Ozturk spent much of the spring and summer of 2011 in a neck brace, working out on a recumbent stationary bike in a bedroom of his Boulder house. “I wasn’t sure if I was going to be ready for Meru, but Conrad and Jimmy never even one time suggested anybody else going in my place.” So Ozturk bought a round-trip ticket to Delhi and set about rebuilding himself, bagging 14,000-foot peaks in the Rockies, testing his newly impaired brain’s reaction to altitude.
“It was stressing everybody out,” he admits. “My girlfriend, my family, just worrying that I was going back to the hardest experience of my life.”
Privately, Anker and Chin had their doubts — about Ozturk and even the climb itself. Anker asked Ozturk for a complete report from his trauma surgeons, just in case they found themselves in some Indian hospital, trying to explain what was wrong with their friend. (Ozturk delivered the report, omitting mention of the stent at the base of his skull.) Though Anker had climbed dozens of world-class peaks, the idea of a return to Meru still rattled him. He was 48 years old — and he’d long been cured of any delusions about his own invulnerability. He’d lost enough close friends to know better. While organizing equipment in the gear room of his basement, he found himself drenched in cold sweat.
But when they convened in the Indian village of Gangotri, where the last road runs out and it’s time to start walking, they’d put all their doubts aside.
Every year, Nepali porters come to the Garhwal for seasonal work on climbing expeditions. Anker hired 15 of them to carry about 115 pounds of supplies each on a three-day trek through misty mountains to a place called Tapovan, at 14,435 feet, where Hindu hermits called sadhus pray year-round to Meru, Mount Shivling, and the Gangotri Glacier, the source of the sacred Ganges River. Anker paid the strongest to continue on with them, almost to their advanced base camp at 16,700 feet. When the porters could go no farther, Anker paid them off in big wads of cash, and the climbers roped up for the final stretch of travel across dangerous crevasses.
Once they’d established an advanced base camp, they reviewed their climbing strategy: They would sprint up those lower snow-and-ice slopes in a single, furious, nonstop push to avoid getting trapped by weather. Second, they would try to establish their final portaledge camp much higher on the fin than they had in 2008, setting them up for a shorter final summit bid.
Then they all pulled the trigger. They rose at midnight, zipped up their down-filled climbing suits and buckled on plastic double boots. At the very toe of that gargantuan wall, they shouldered their packs, stepped into crampons, and grabbed their ice axes.

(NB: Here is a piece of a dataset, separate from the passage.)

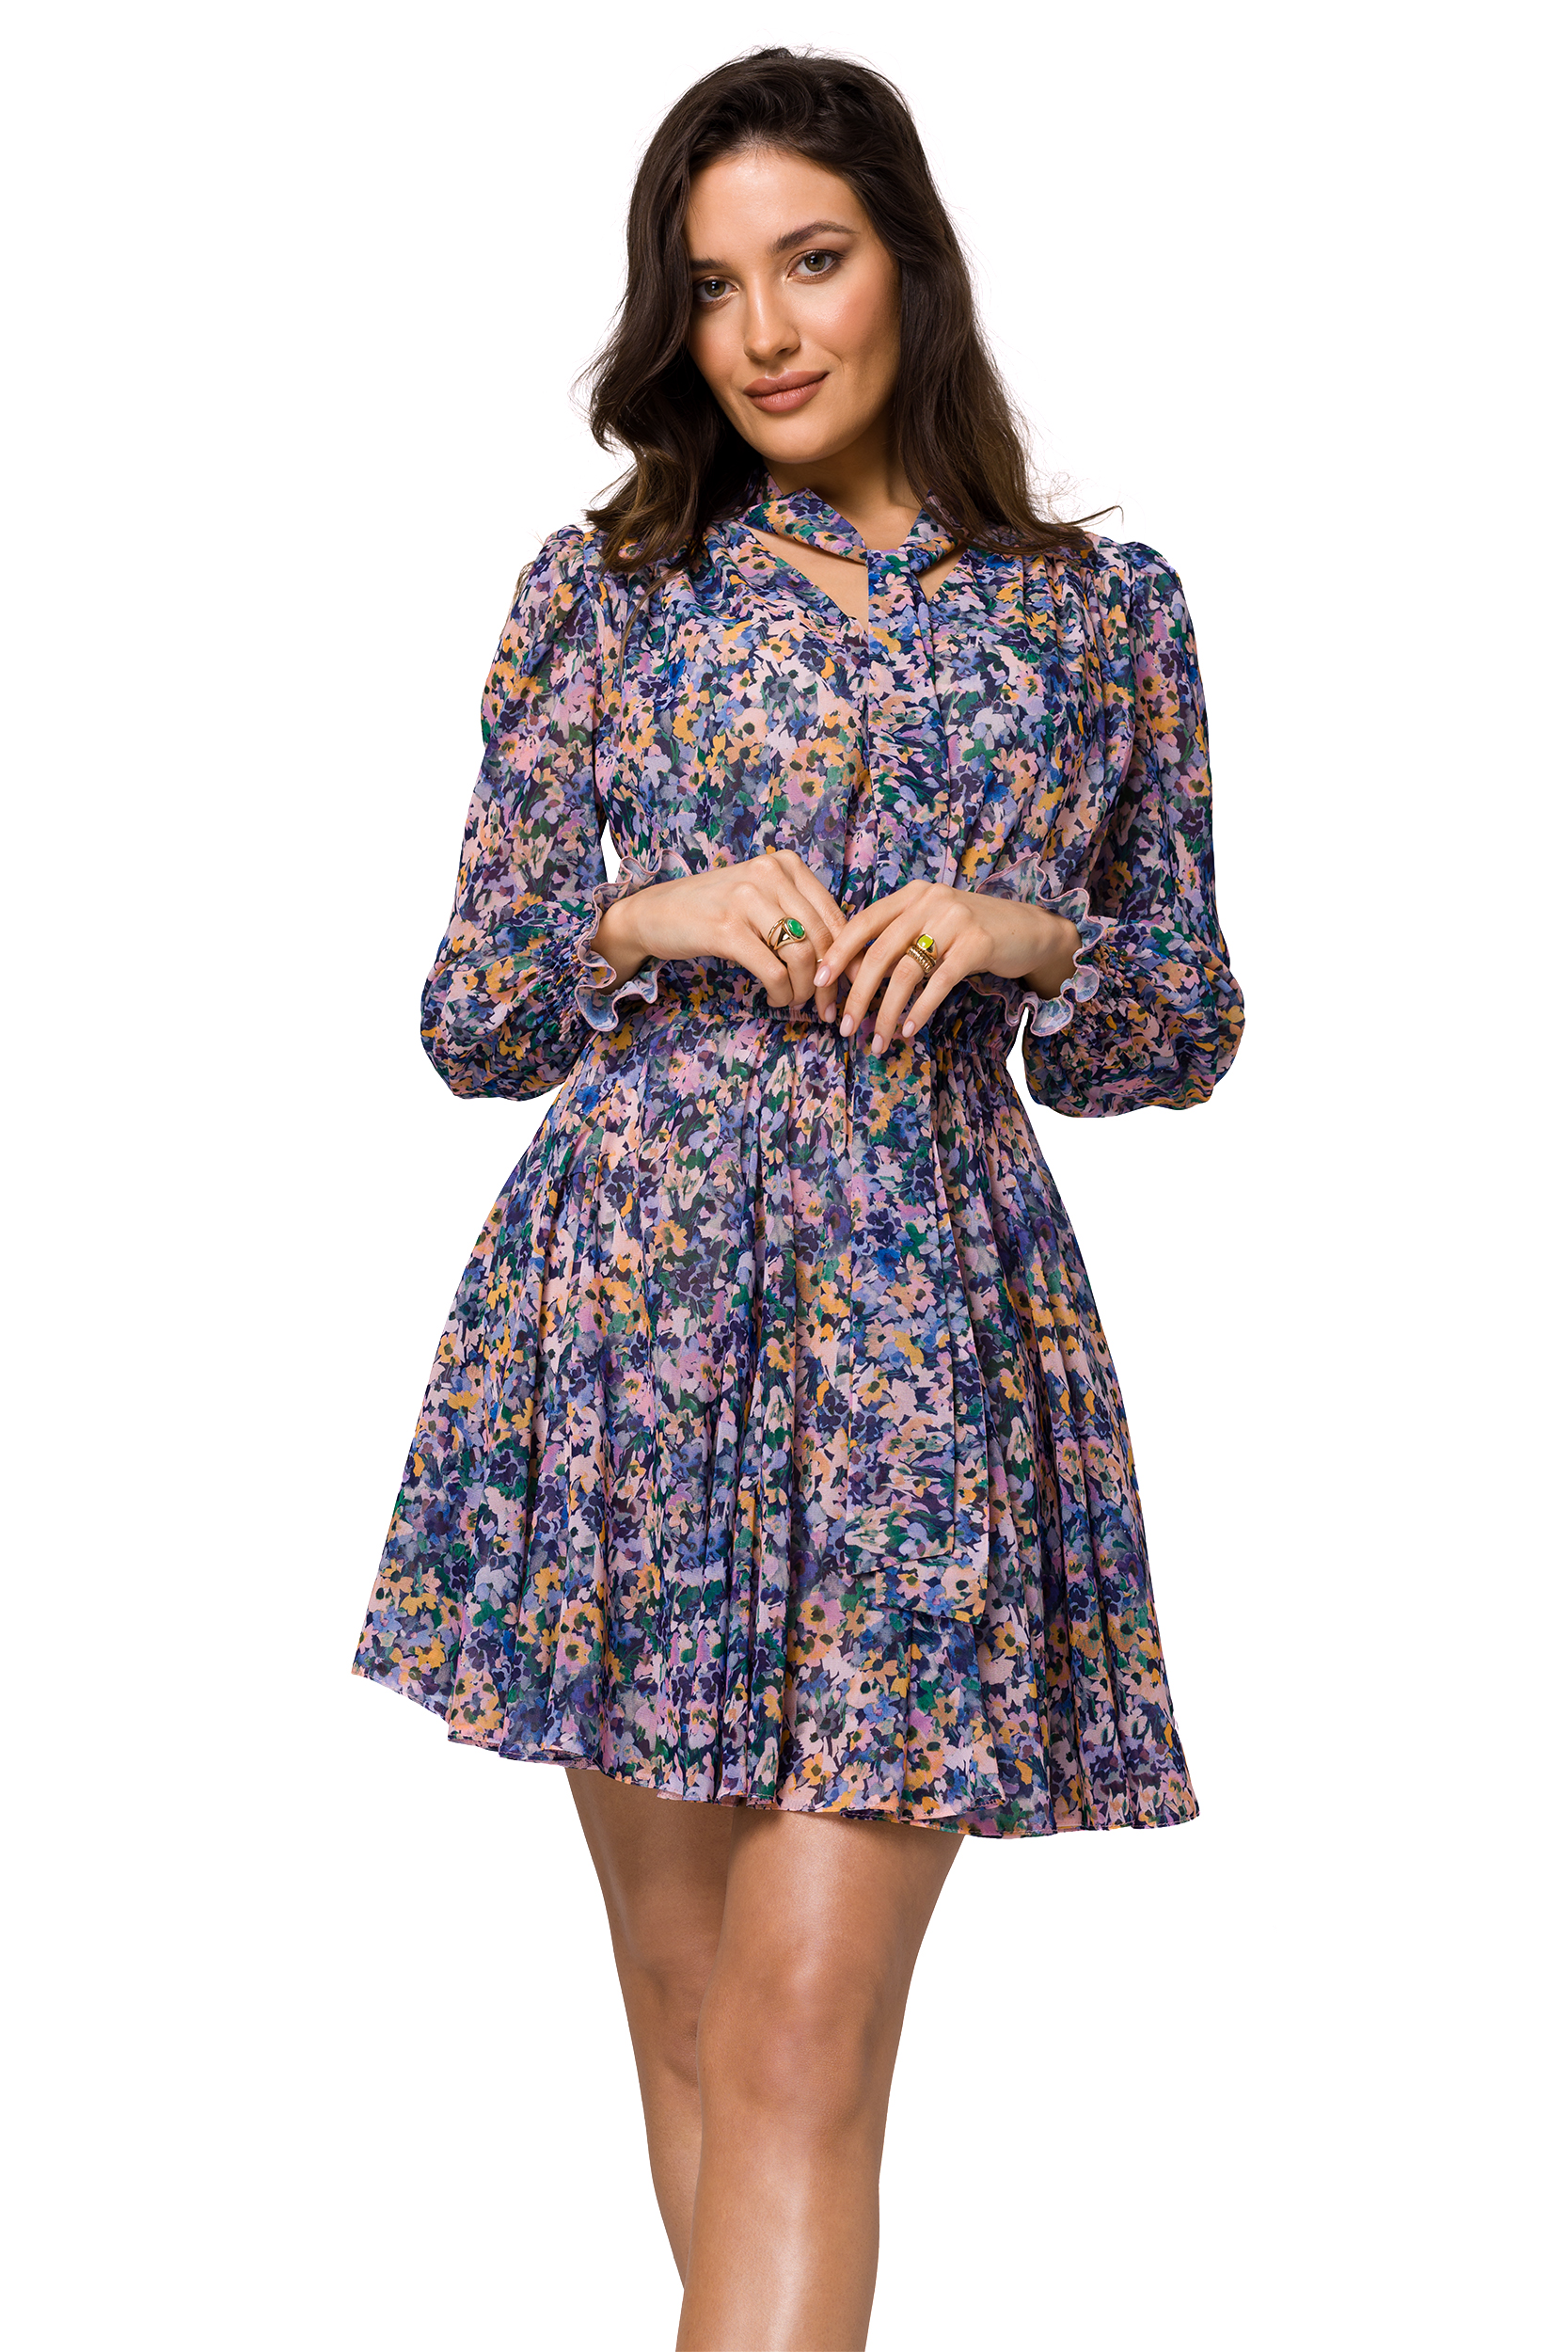 Woman modeling floral dress on white background
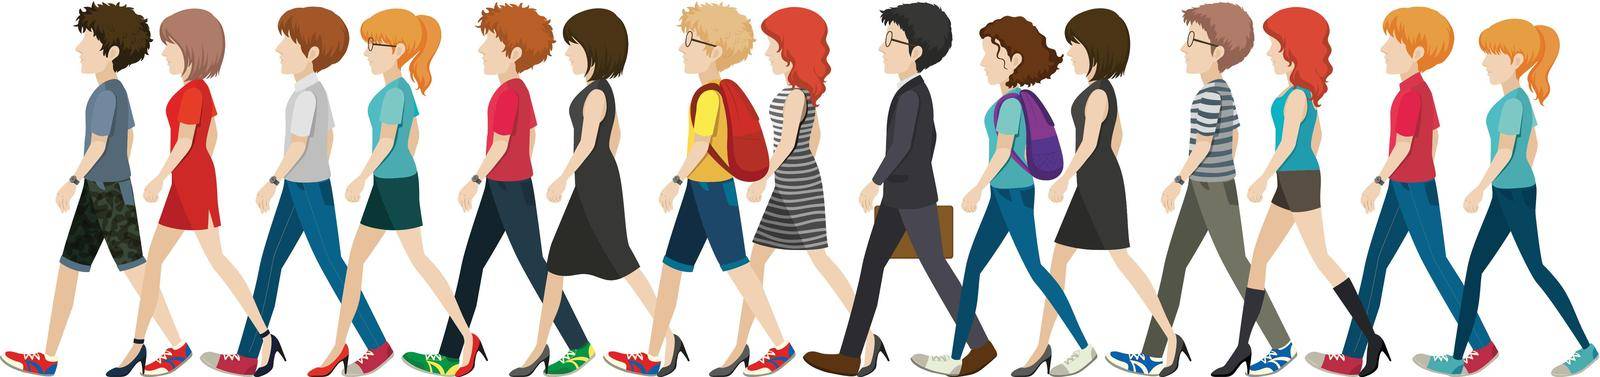 A group of faceless people walking in line by iimages

Nineteen hours later, Ozturk was speaking in tongues inside the portaledge and the team was forced to confront the crushing likelihood that they would come up empty again.
“I knew we were probably going to have to go down and that it would be all my fault,” Ozturk says. “But there was numbness in my face and in one of my arms, and out of sheer exhaustion, I couldn’t get into my sleeping bag. I passed out cold in my clothes, like a blackout drunk.”